Patrick Larkin: Because we all come from wealthy backgrounds. [Vocalist] Beth's godfather works for Halliburton, Joe Biden is [drummer] Joe's grandpa, I'm related to Mark Zuckerberg and [bassist] Ronnie's father ghost-funded the Die Hard trilogy. Actually, the truth is, the big-time execs with the attorneys and the pocketbooks know there's nothing in it for them. They can't suck us dry for hardly anything!
There are other bands now called the New England Patriots and the Utah Jazz. Do you kids take credit for this ridiculous movement?
Those are sports teams, you idiot.
How do you describe your music? It's quirky, spastic and what other word?
Our marketing team has encouraged us to use terms such as "surf and turf," "noise-pop," "indie" and "cheer and jeer." However, we've lately been tending toward more marketable phrases such as "explosive power-pop rock & roll" and "handsome people playing palatable, inoffensive music" and "cheap beer party rock cigarette cool." It's too bad that sometimes we get billed as "female-fronted," as if that is a schtick or a novelty. How about "dude-backed"? Or "100 percent of this band has anuses"?
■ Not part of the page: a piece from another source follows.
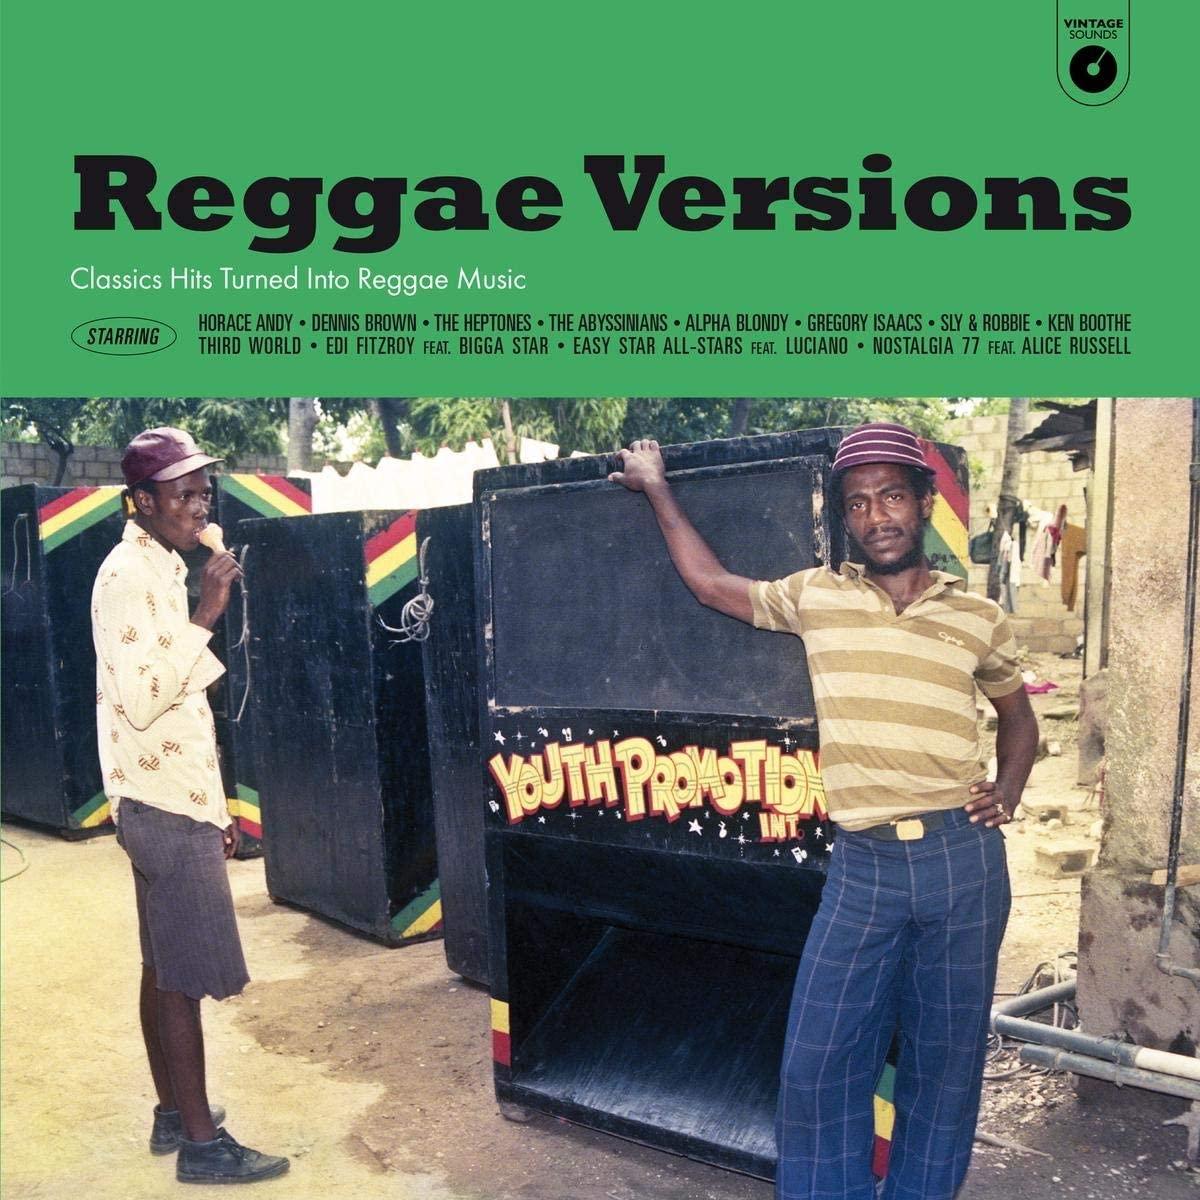 Various Artists - Reggae Versions Vinyl £9.75 Prime / £12.74 non-Prime @ Amazon

I haven't listened to Deerhoof in years, but I feel like you guys sound like Deerhoof. Do you guys sound like Deerhoof?
Isn't that the jazz band who wears Beatles outfits? People always want to compare us to Ponytail and Melt-Banana. Which is cool. But then again, why don't they go the extra step and say Teenage Jesus and the Jerks, Priests, Marnie Stern, the Dixie Chicks, the Yeah Yeah Yeahs and the Raincoats, since they are all also alt-rock bands with female singers? To be honest, we are just trying to sound like a mix of Weezer, the Baja Men and Panic! at the Disco. Turns out we're missing the mark.
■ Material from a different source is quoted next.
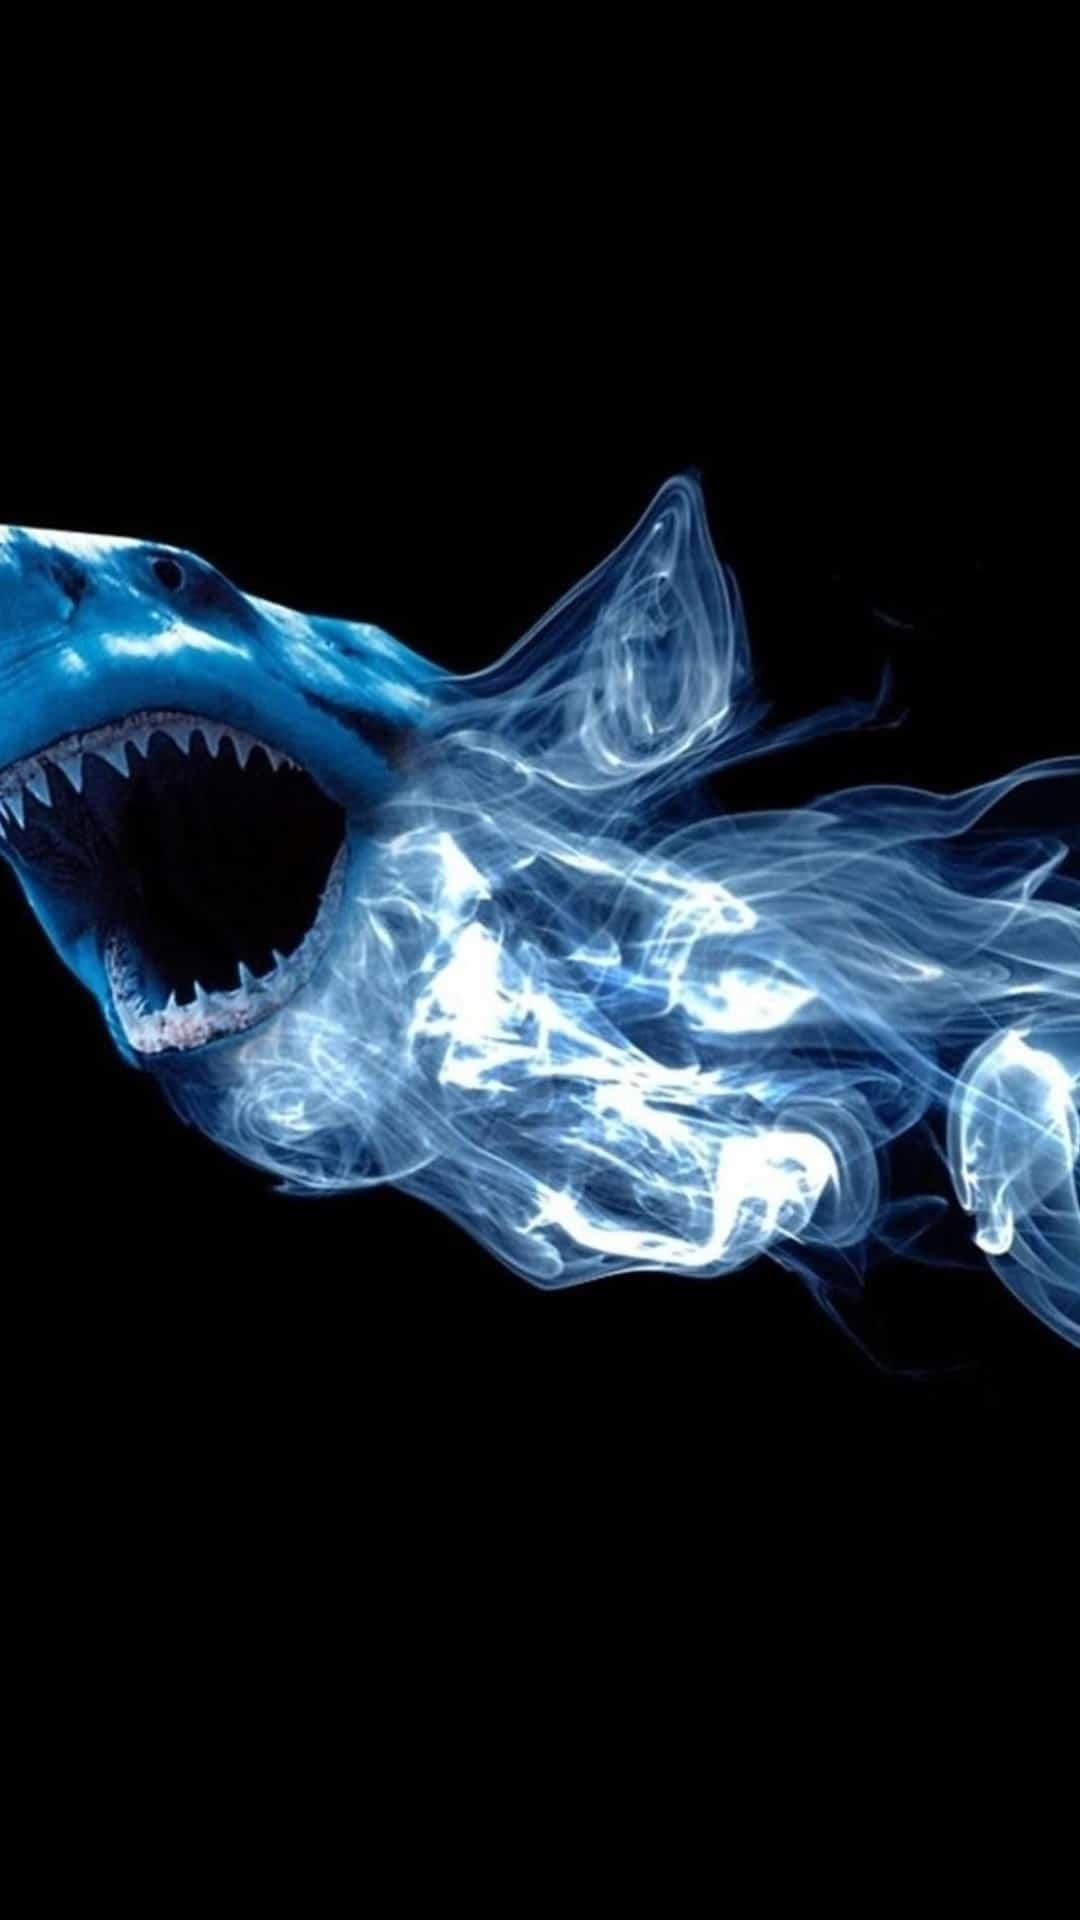 Abstract Shark Neon Light Smoke Android Wallpaper

Has anyone ever accused your band of being boring? To clarify, I ask because I feel like what Miami Dolphins is doing is very captivating.
Being victims of the millennial age, we have short attention spans, which help us cater our music to the short attention spans of the iPhone generation and avoid the damning label of "boring." If you like "info-snacking," we are the band for you.
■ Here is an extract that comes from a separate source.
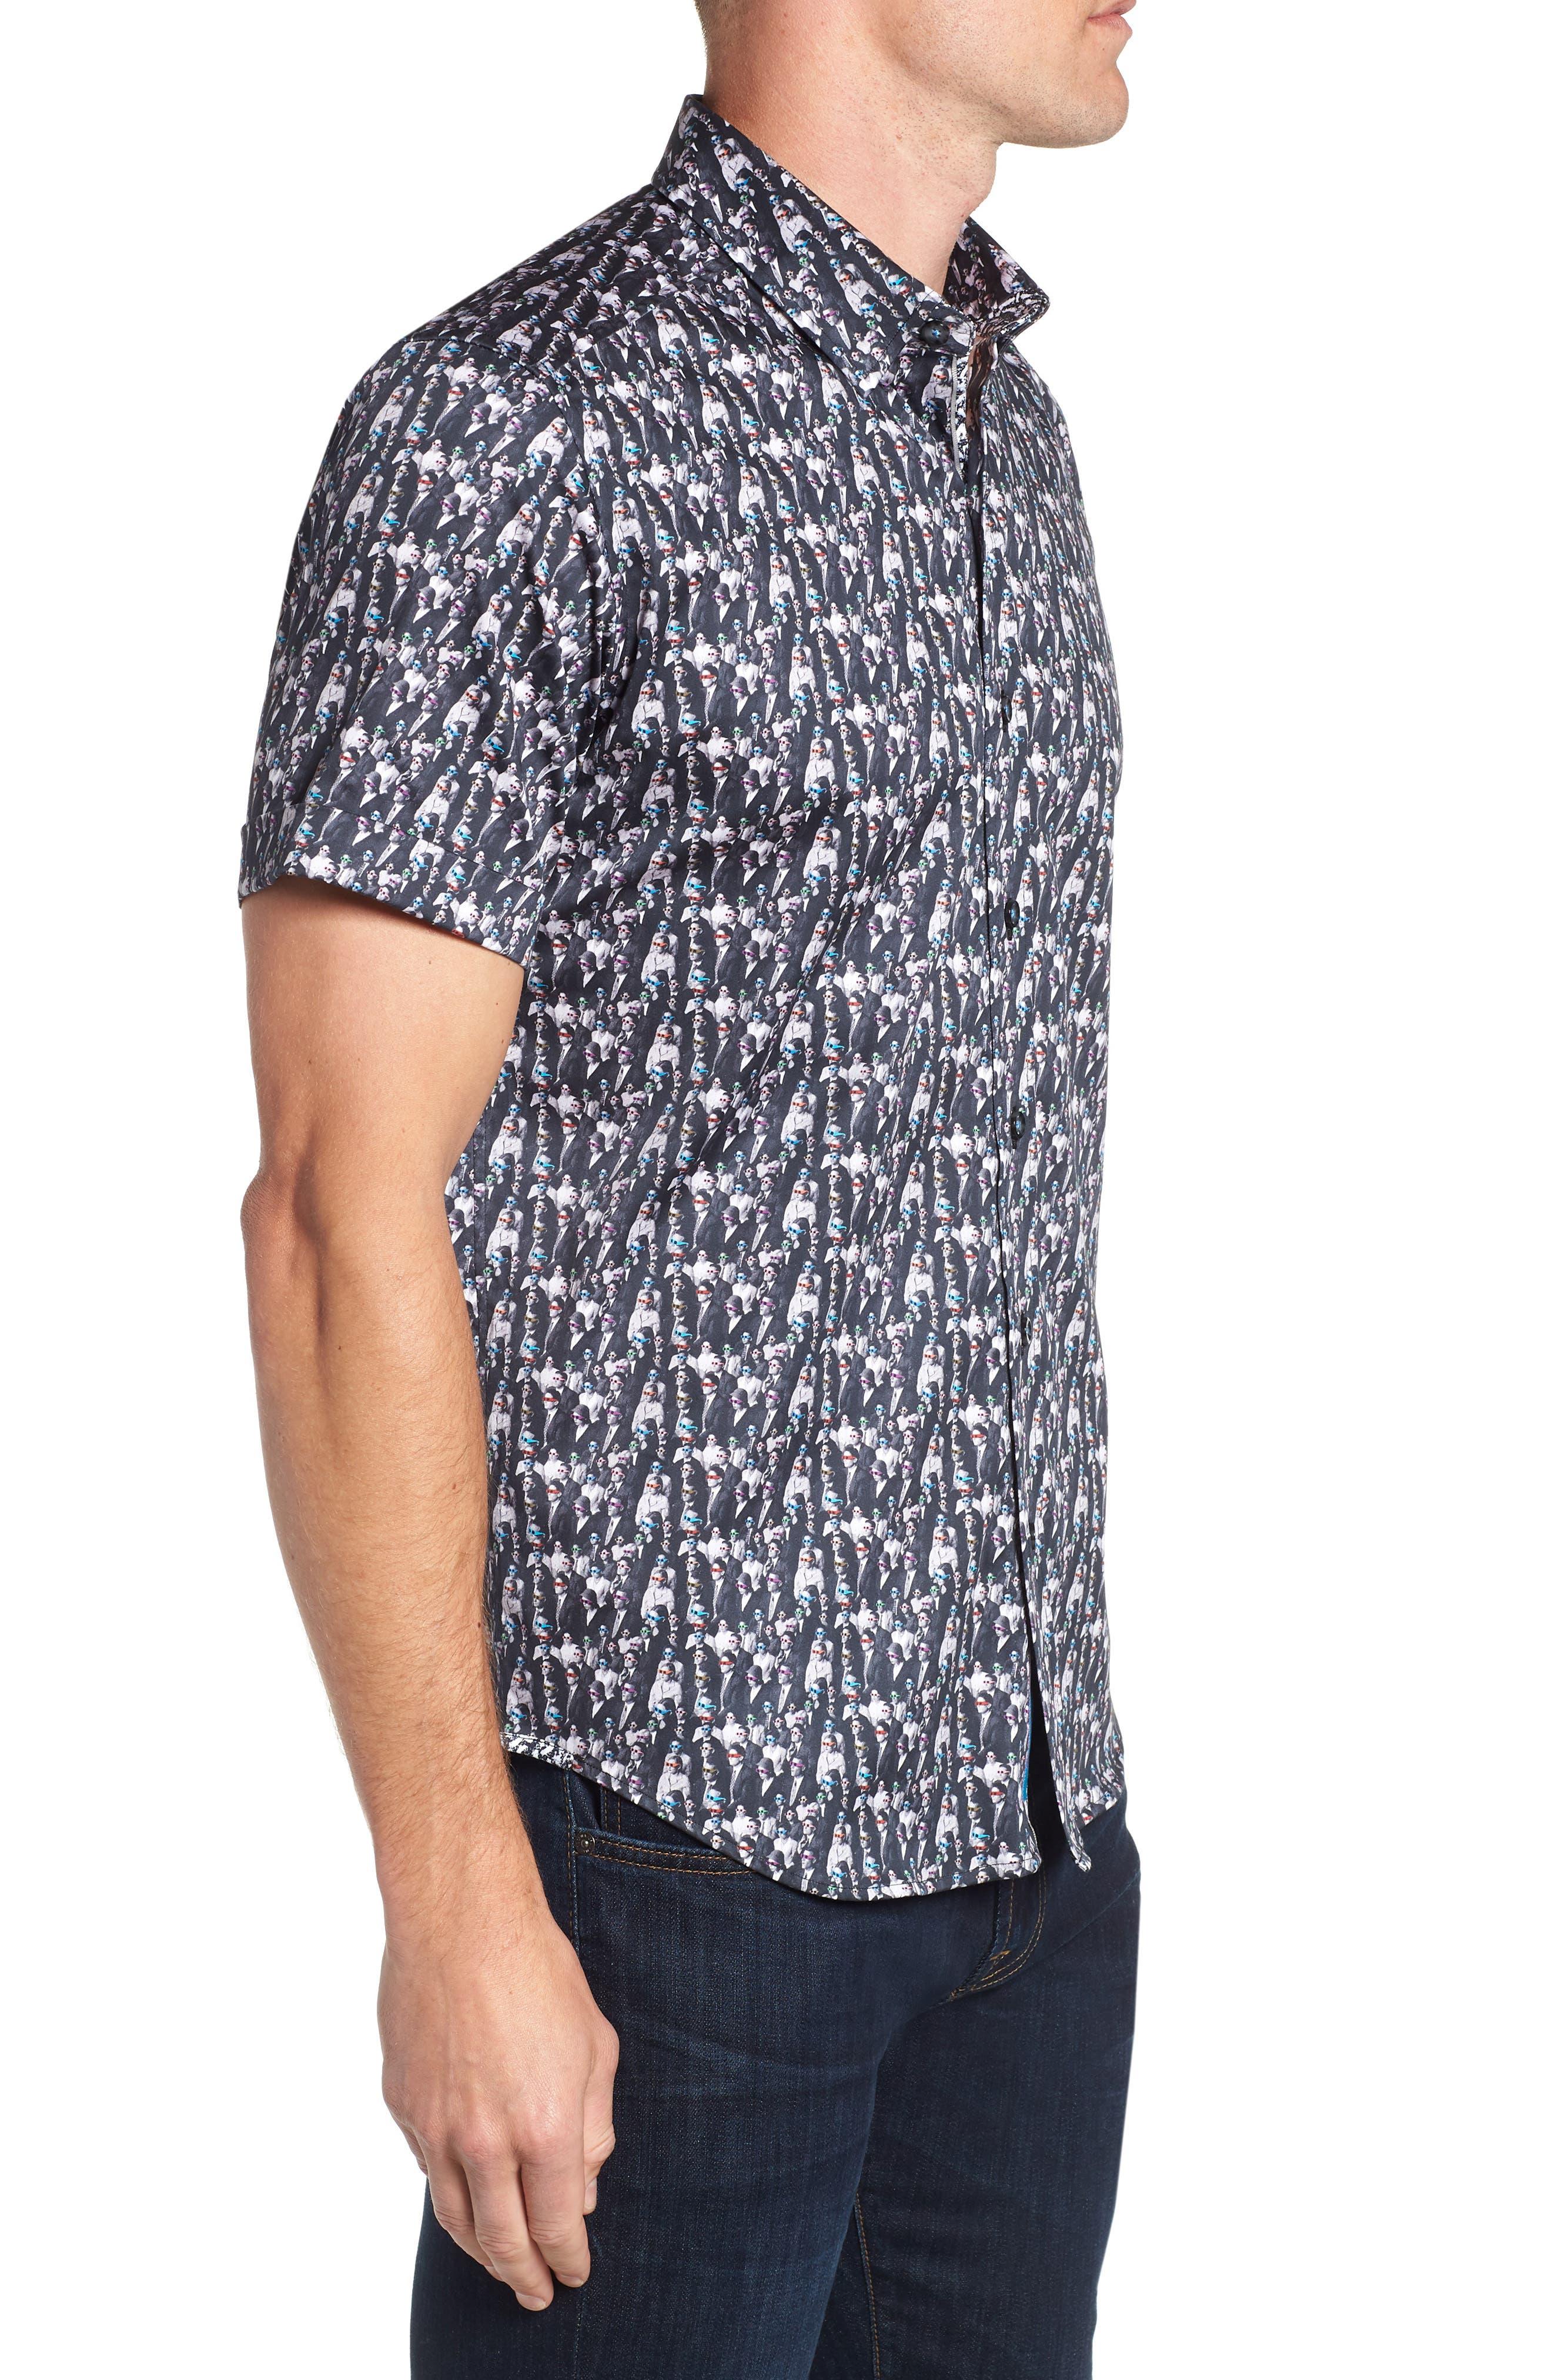 ROBERT GRAHAM,                             Cinema Tailored Fit Sport Shirt,                             Alternate thumbnail 4, color,                             001

Continue to page two for more.
What do you think the goofy nihilist punks of St. Louis stand to learn from your ragtag team of take-no-shit rule-benders?
This goes for all music scenes: Believe in yourself, do your homework, and be kind to your neighbor. Nihilism is boring. Embrace goofiness and self-expression. Don't latch onto the familiar. Blah blah blah. Give up on PBR. Also, this is an overgeneralization and not related specifically to St. Louis -- we don't know the scene that well there anyway -- but a lot of new punk sounds a little bit too much like it did twenty years ago. What gives?
How will you guys know when you've really "made it" in the underground?
When LiveNation finally asks us to open for Off! Getting a twelve-inch pressed was another -- we just put out our first, Becky, in September on FPE Records in Chicago. We also heard that the Melvins listened to us once, and Thomas Hazelmyer of Amphetamine Reptile Records told us he liked one of our tapes. No big deal. Finally, we opened for Immaculate Vagina earlier this year. We thought it would be our big break, but we are still waiting to be sucked up into the hype machine, chewed up and spat out the other end $50 richer and with a free lifetime membership to Guitar Player magazine.
When is the last time you got into a fight over the Internet? What was it for?
One time Ronnie was holding the modem, and I was like, "Hey, its my turn to hold the modem," but Joe shot the modem with a pistol he keeps at his side. The depravity of the Internet can really get to us all. Like us on Facebook! Drip sheep's blood on your mattress and comforter for protection and good luck. Hopefully this interview will get us into an Internet fight which will then get picked up by a relevant music blog, and we will finally realize our full potential.
Have any of you ever been arrested?
One time I got pulled over by a cop who accused me of smoking reefer, and claimed the car stank of dank 420. I was eating a small wedge of bleu cheese at the time, and held up the cheese close to the officer's nose and said, "Is this what you smell, officer?" No charges were filed.
Miami Dolphins 8 p.m. Wednesday, November 19. Kismet Creative Center, 3409 Iowa Avenue. Free. 314-289-9050.